Some of Bolin's work is so effective – the image of him in front of a yellow digger, for instance, with the outline of his body only just discernible – it's hard to believe there haven't been any digital tweaks made. None, promises the artist; the only computer manipulation takes place during the early planning stages, when he superimposes his image on to a potential background in order to "show my assistants the idea and tell them how to proceed". Unlike Hack, he does not do the painting himself, but directs painters who trained at the same realist school in Beijing as he did.
Bolin has bridled in the past at the suggestion that these helpers do the hard part for him. "How can it be [my] work? I was the one who chose which site we should use," he has said, "and which assistants would help me do the painting." Over email he adds: "I spend a lot of time considering how best to camouflage into a background. There's a great amount of preparation work done beforehand."
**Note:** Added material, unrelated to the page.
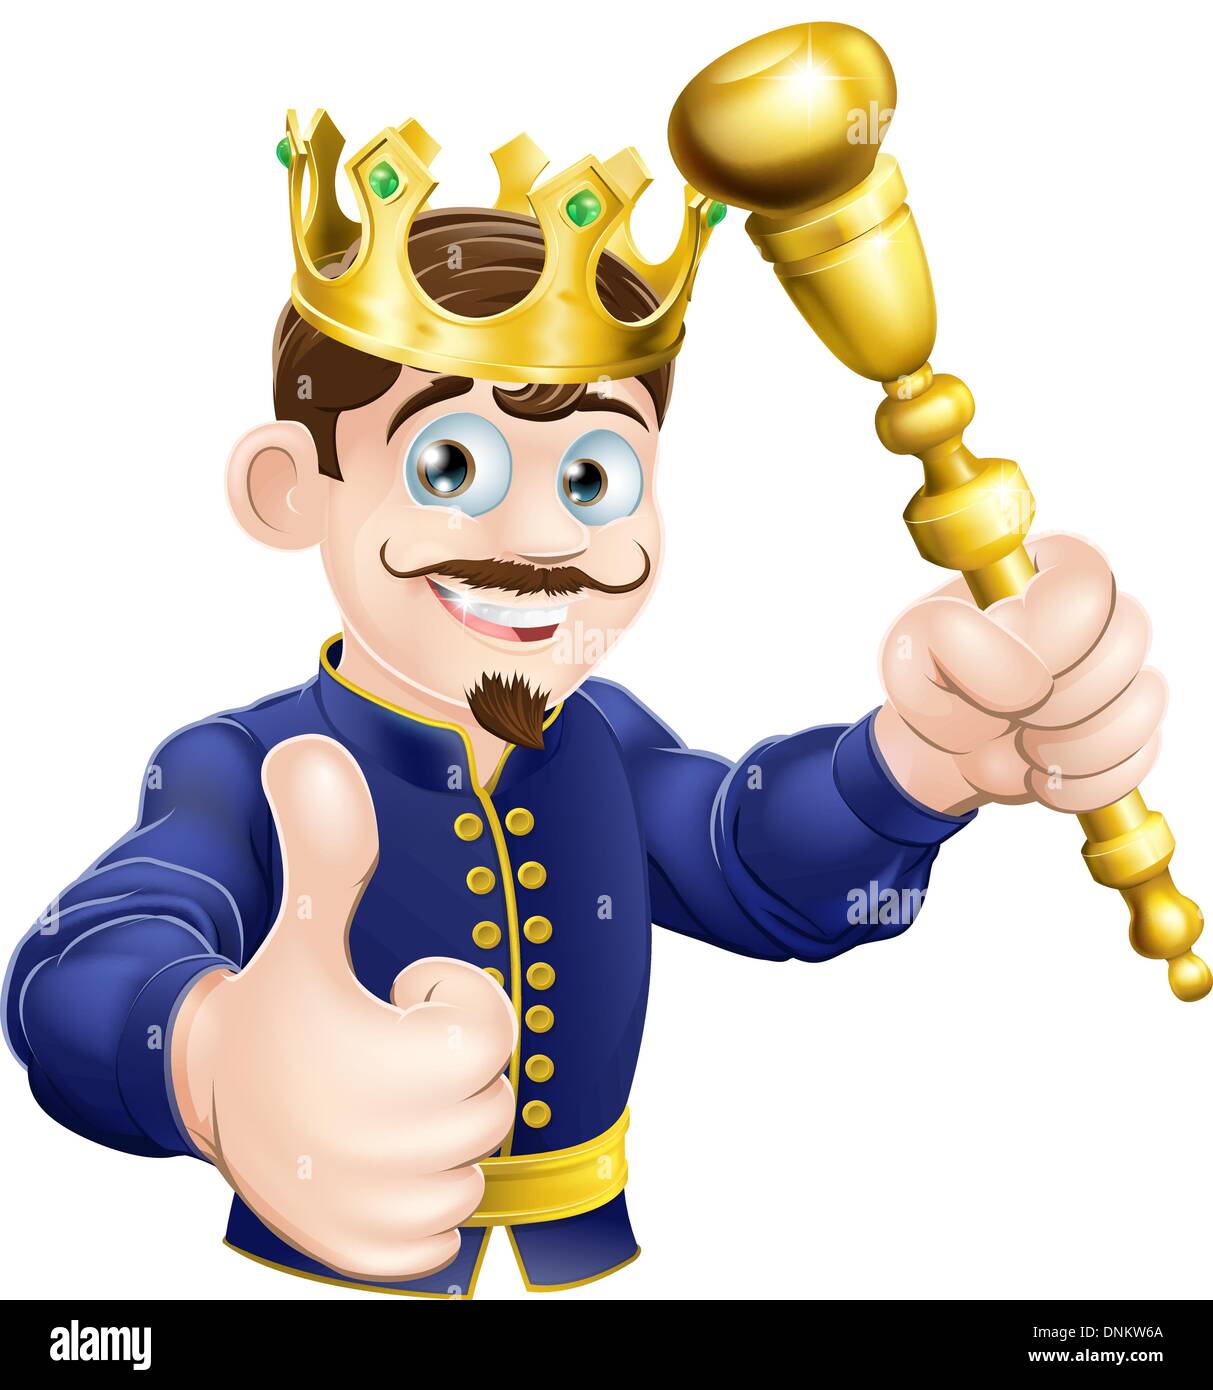 Illustration of a happy cartoon king holding a gold sceptre Stock Vector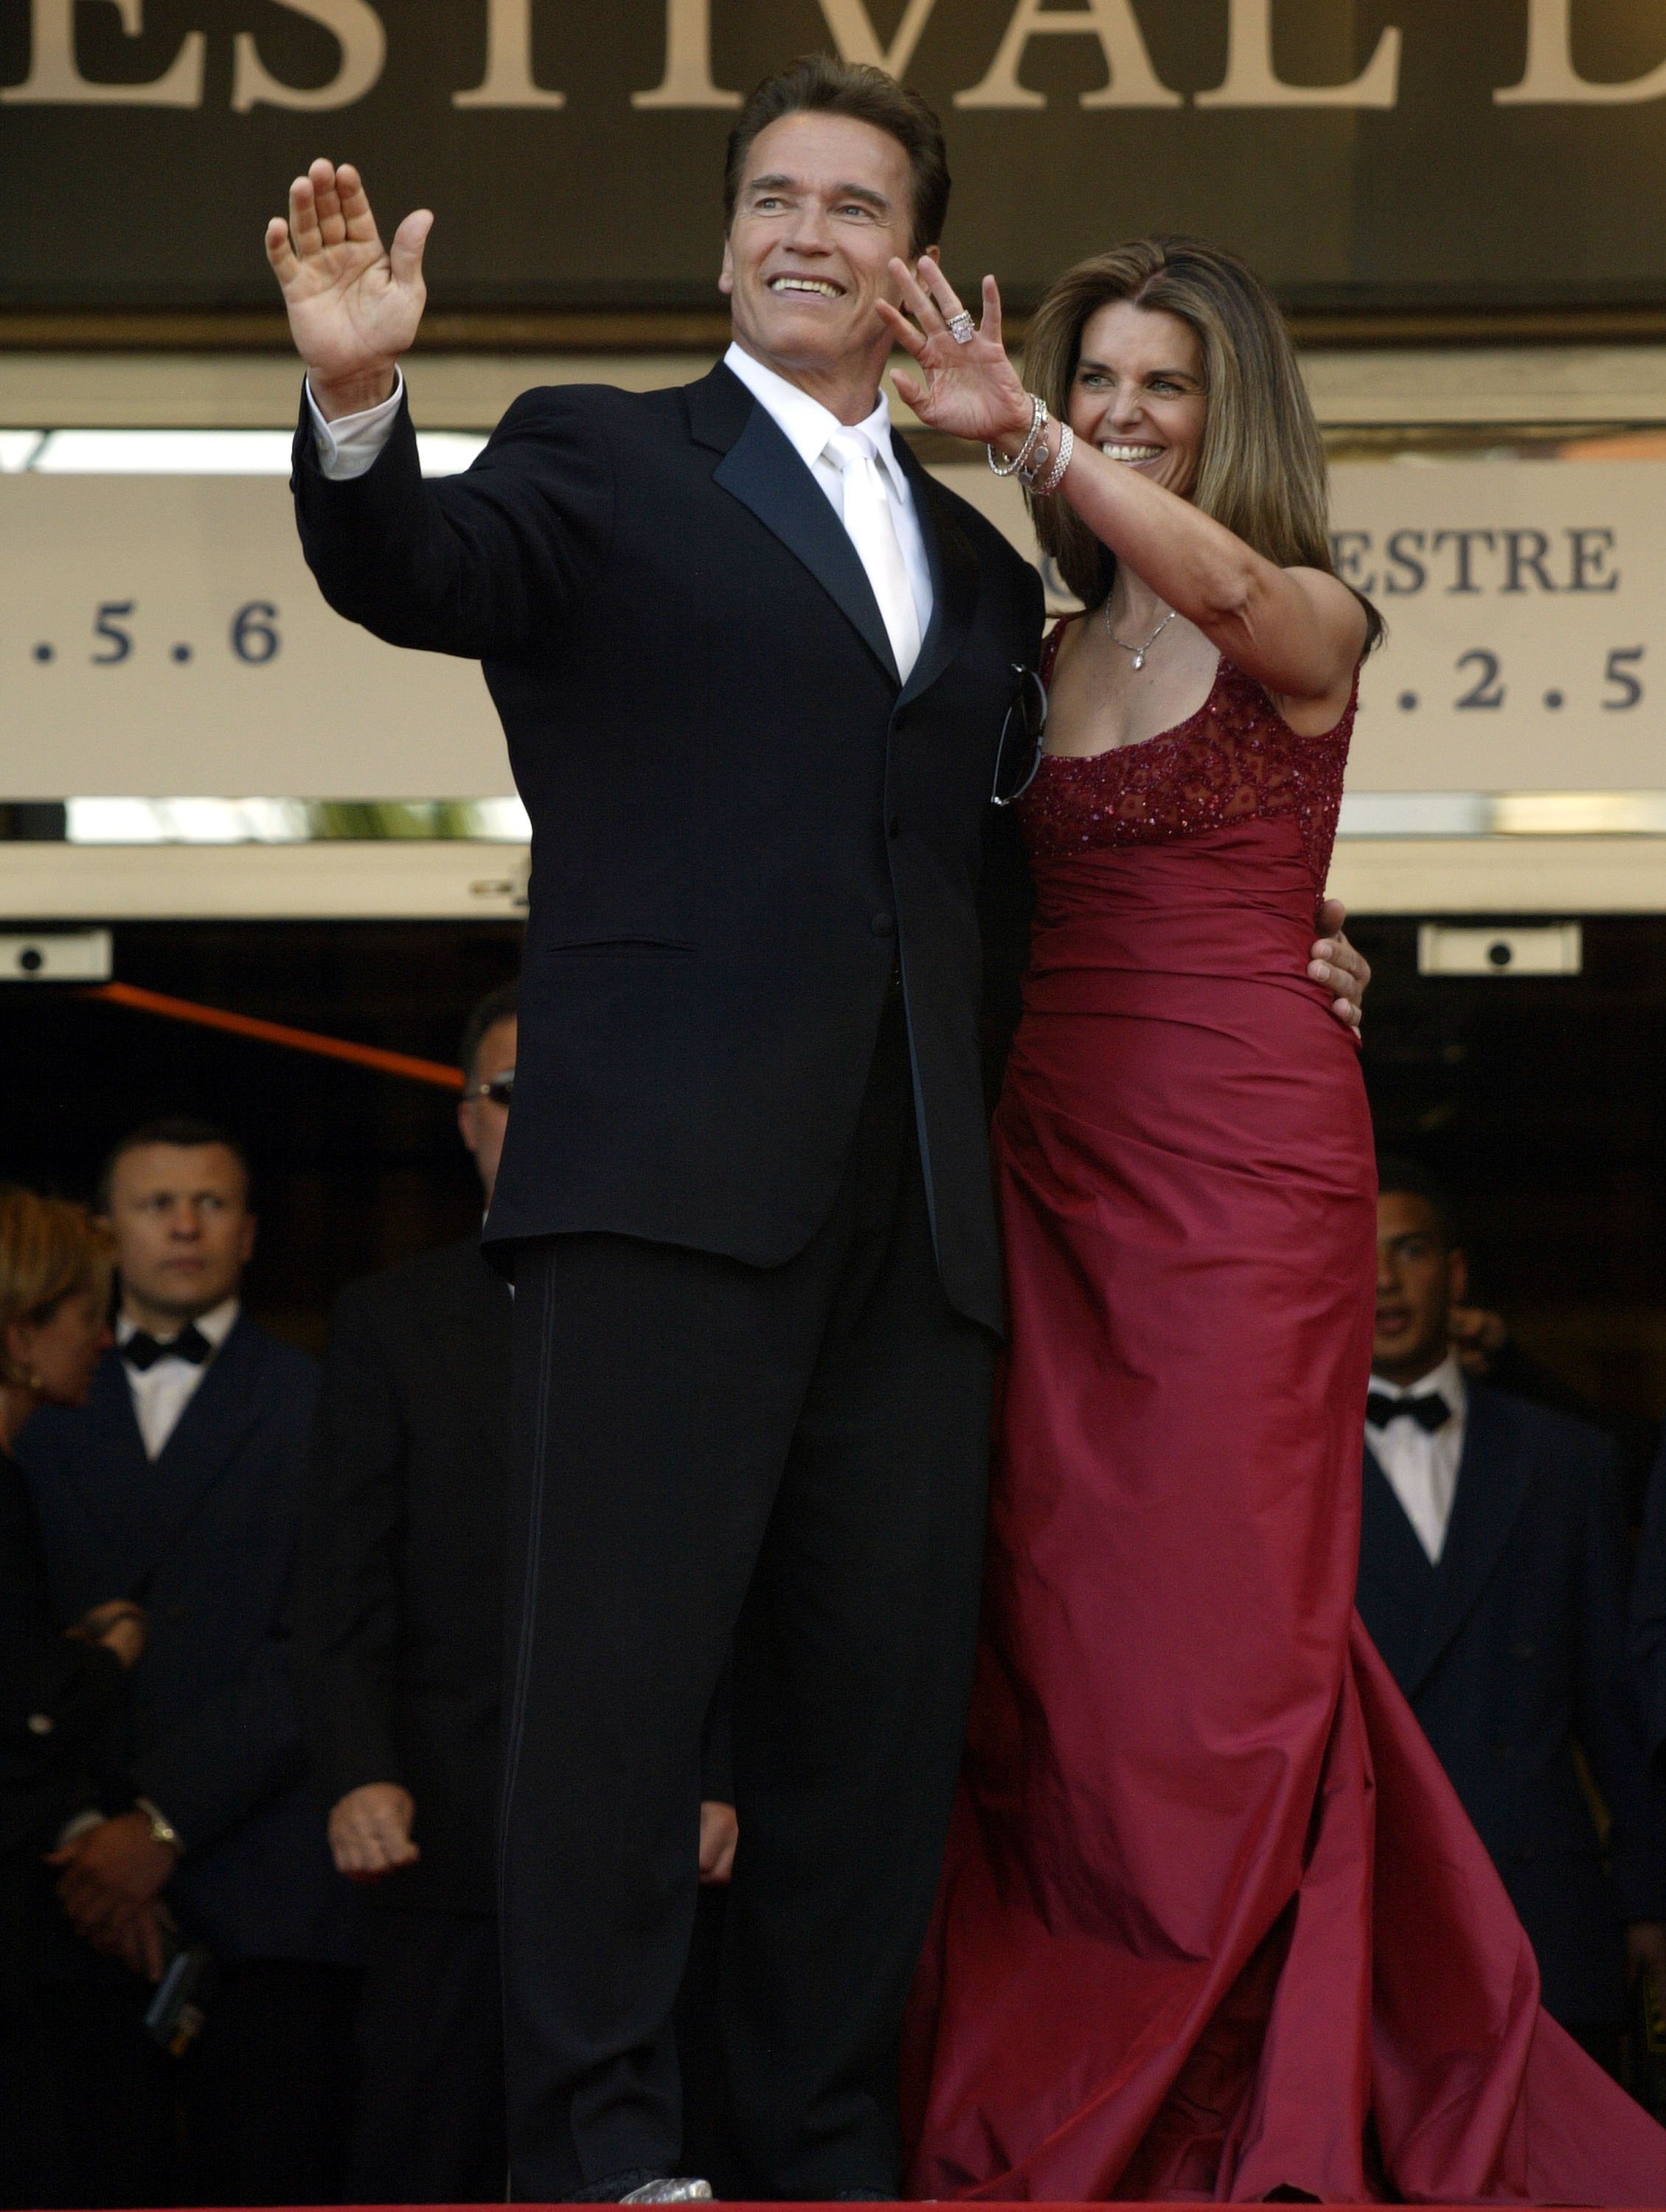 Arnold Schwarzenegger and Maria Shriver during 2003 Cannes Film Festival - "Les Egares" Premiere at Palais Des Festival in Cannes, France on May 16, 2003 | Source: Getty images

And, as well, there's the standing still. To complete a single project usually takes Bolin and his assistants about half a day. Wearing military khakis (for their starchy, paint-friendly fabric, and also their high collars that reduce the amount of skin he has to slather with paint) and "a lady's facial cleansing mask" (the best method he has discovered to ward off that skin-peeling problem) Bolin poses while his assistants paint him.
Along the way, they take digital camera snaps to show him, so that he can make suggestions for improvement. Other than that, he tries to ignore his increasingly aching feet.
"You need inner strength to be a model for this," as Hack puts it. Bolin is a touch more grandiose, recalling the little boy who died from being painted gold in medieval Italy. "That may be my fate. Like death in the snow for a mountain climber. Like seafarers who die at sea. I choose to work this way."